Kelaref Kelaref - 1 year ago 246
Python Question

Pandas: apply stats.ttest_1samp on every row

I have a dataframe zdf that looks like the following:

Index A B C Mean
2008-11-21 23 12 16 18
2008-11-24 26 14 15 17
2008-11-25 28 20 21 25
2008-11-26 25 26 27 26

I am trying to apply a two-sided t-test on each row,and storing the result in a new column. Using

from scipy.stats import stats

It takes a first parameter a list (all values on each row except last), and a second parameter, the mean (last column in zdf). It will return two values: The t-statistic and the p-value. I am trying the following:

for i in range(zdf.shape[0]+1):
zdf.ix[i,'ttest'] = stats.ttest_1samp(list(zdf.iloc[i,:-1]),zdf.iloc[i,-1])
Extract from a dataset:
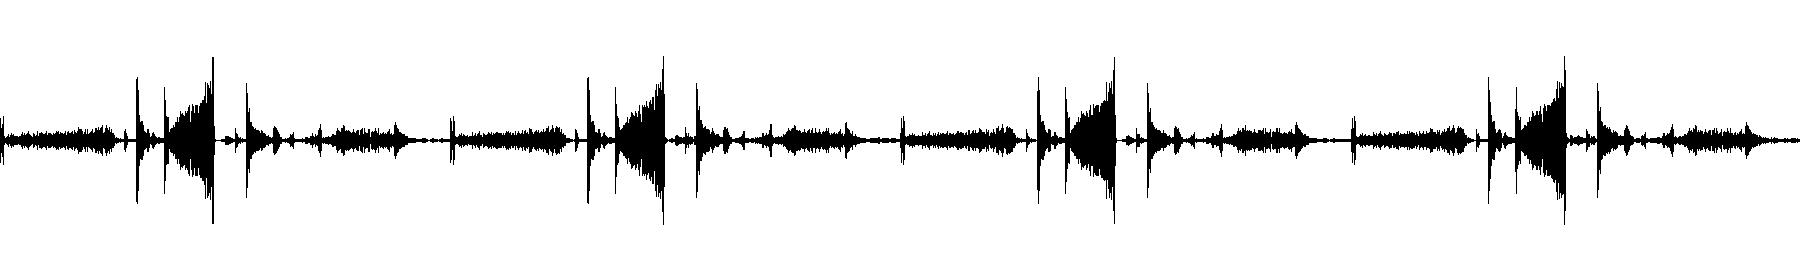 vk loopshift 01

I keep getting a value error for some reason, but surely there's a better way to apply this without for looping?

Thank you in advance.

Answer Source

you can't set an array element with a sequence with .ix[] so you need to pass a single array such has:

for i in range(zdf.shape[0]+1):
    zdf.ix[i,'ttest_res1'] = stats.ttest_1samp(zdf.iloc[i,:-1].values,zdf.iloc[i,-1])[1]
    zdf.ix[i,'ttest_res2'] = stats.ttest_1samp(zdf.iloc[i,:-1].values,zdf.iloc[i,-1])[2]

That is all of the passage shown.